I can't understand how you can't see that.

That $5,000 ($40,000 in today's money) might not have gone very far, but you are very eager to whitewash it because he ended up winning on his gamble, and FedEx has gone on to success. He easily could have lost that bet, and that money could have reimbursed credit card bills for his employees. How that isn't reckless and malfeasance, I don't understand. "We're screwed. I can use the last of this money to try to do something right, or fuck it, I'm going to Vegas!" isn't leadership.




Okay, I don't want to argue about the exact semantics of the word theft and what kinds of "misuse of funds" it includes. Nothing went in his pocket; it wasn't embezzlement.

And Shkreli was moving money between companies and lying to investors, neither of which is relevant here.

More importantly, none of that explains what is sociopathic here.

> He easily could have lost that bet, and that money could have reimbursed credit card bills for his employees.

But would it have been used that way? Or would it have kept propping the company up for a bit longer until total collapse?

> How that isn't reckless and malfeasance, I don't understand. "We're screwed.
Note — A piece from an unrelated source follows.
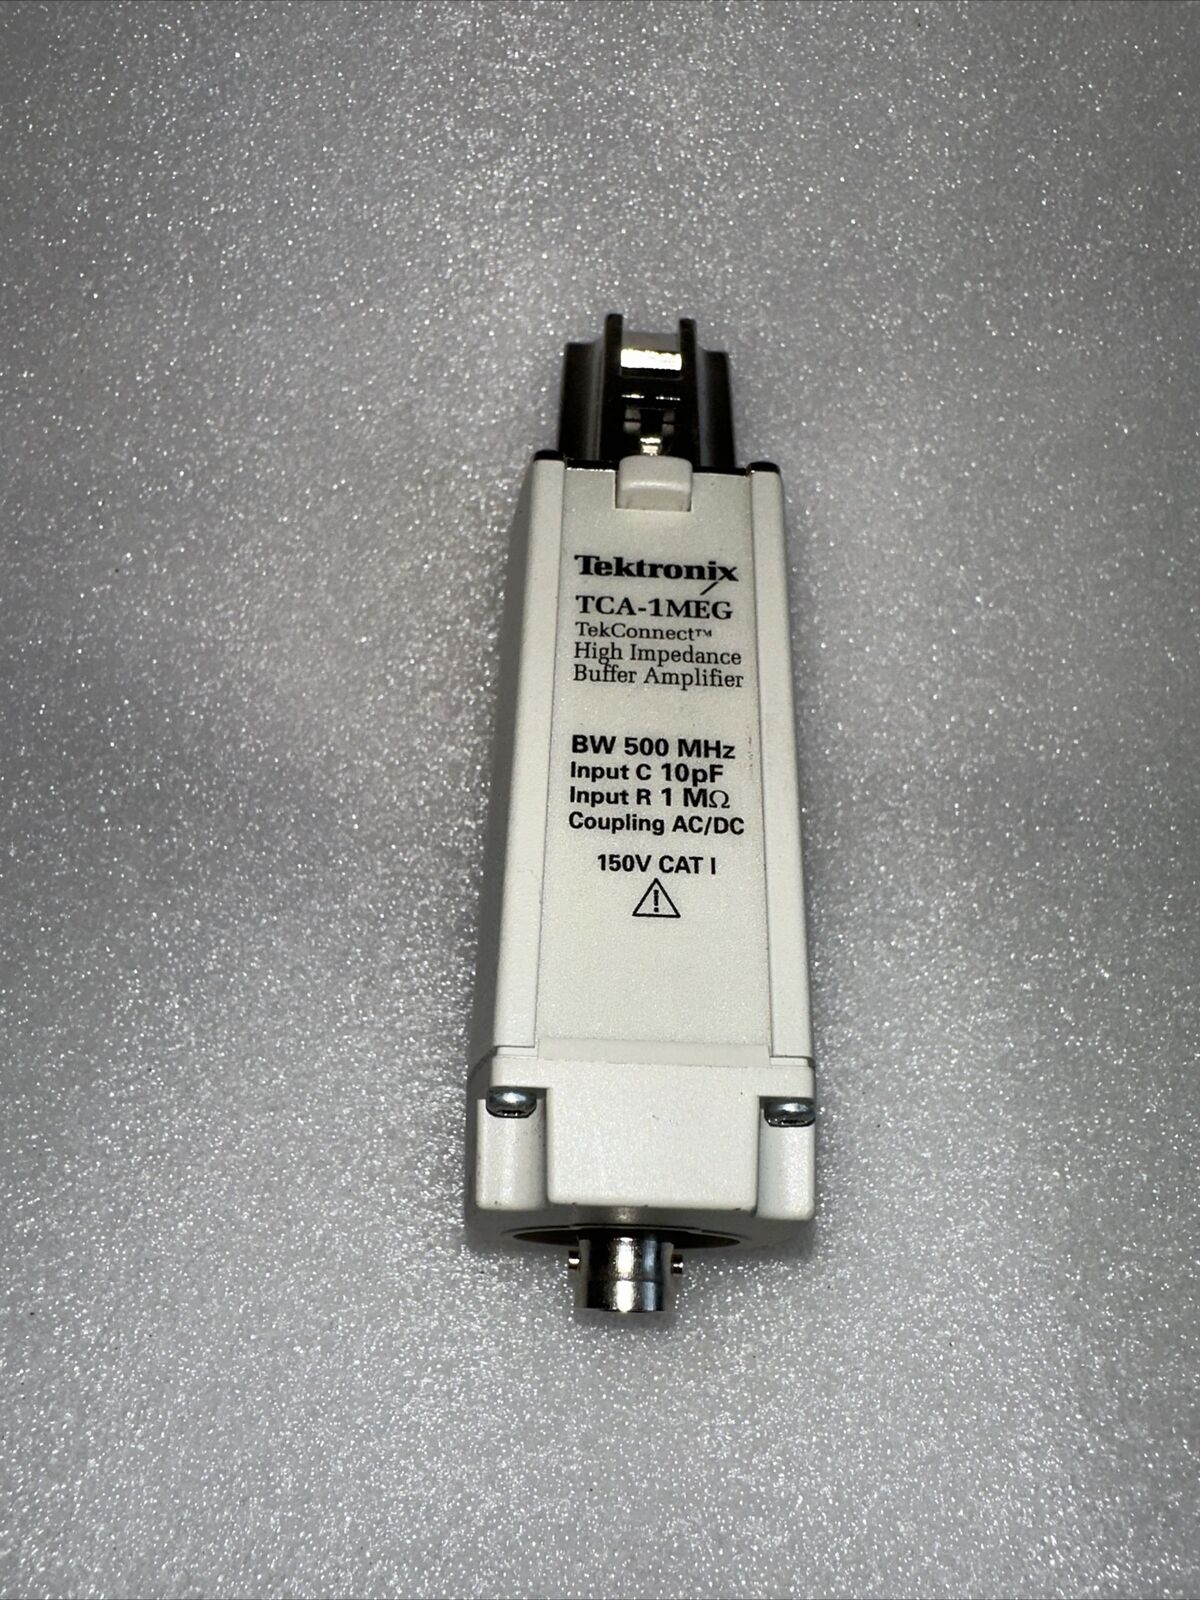 TEKTRONIX TCA-1 MEG TEKCONNECT HIGH IMPEDANCE BUFFER AMPLIFIER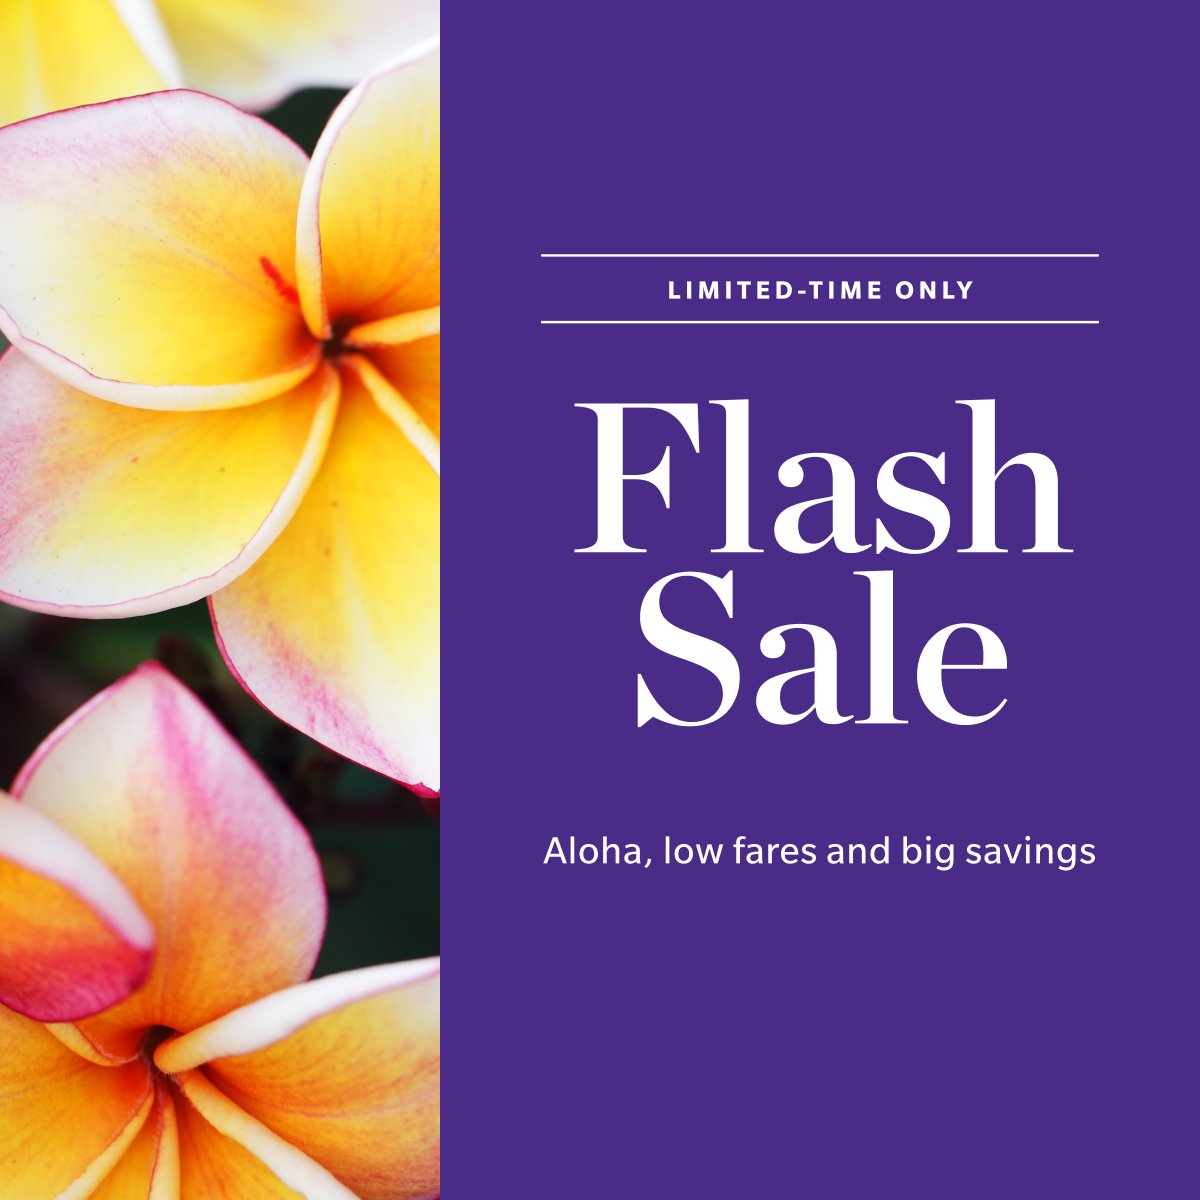 Flash sale savings

I can use the last of this money to try to do something right, or fuck it, I'm going to Vegas!" isn't leadership.

I never said it wasn't reckless. But he got the business out of being screwed. If he failed, the business would have gone from screwed to... also screwed. What "do something right" do you have in mind that was so important it becomes sociopathic if he doesn't do it? And it has to be something that would have happened if he didn't gamble, but wouldn't have happened if he lost.

In other words, if your claim is right then there has to be a big human-impacting difference between the "he does nothing" outcome and the "he loses the gamble" outcome. And I'm not really seeing that difference. If both scenarios involve total shutdown and the only difference is a few days, that ain't it.


> I don't want to argue about the exact semantics of the word theft and what kinds of "misuse of funds" it includes. Nothing went in his pocket; it wasn't embezzlement.

See, the law very much disagrees with you here. It went into his pocket, and from there on a card table at Vegas. The moment he had decided to use company money like this, it was taken from its rightful owner.


But the money stayed owned by the company the entire time. He bet it on behalf of the company.

Companies are allowed to make bets on things. And he was high up enough to be able to make that decision.

It went in his pocket, but it would have gone in his pocket if he was going to the office supply store too. That's not an issue.

But none of this explains why it's sociopathic. Most crimes don't rise to that bar. For example, embezzling money from a company that's already guaranteed to collapse and unable to make payroll is generally not sociopathic. Especially if it's some kind of technical embezzlement where you have no personal gain whatsoever.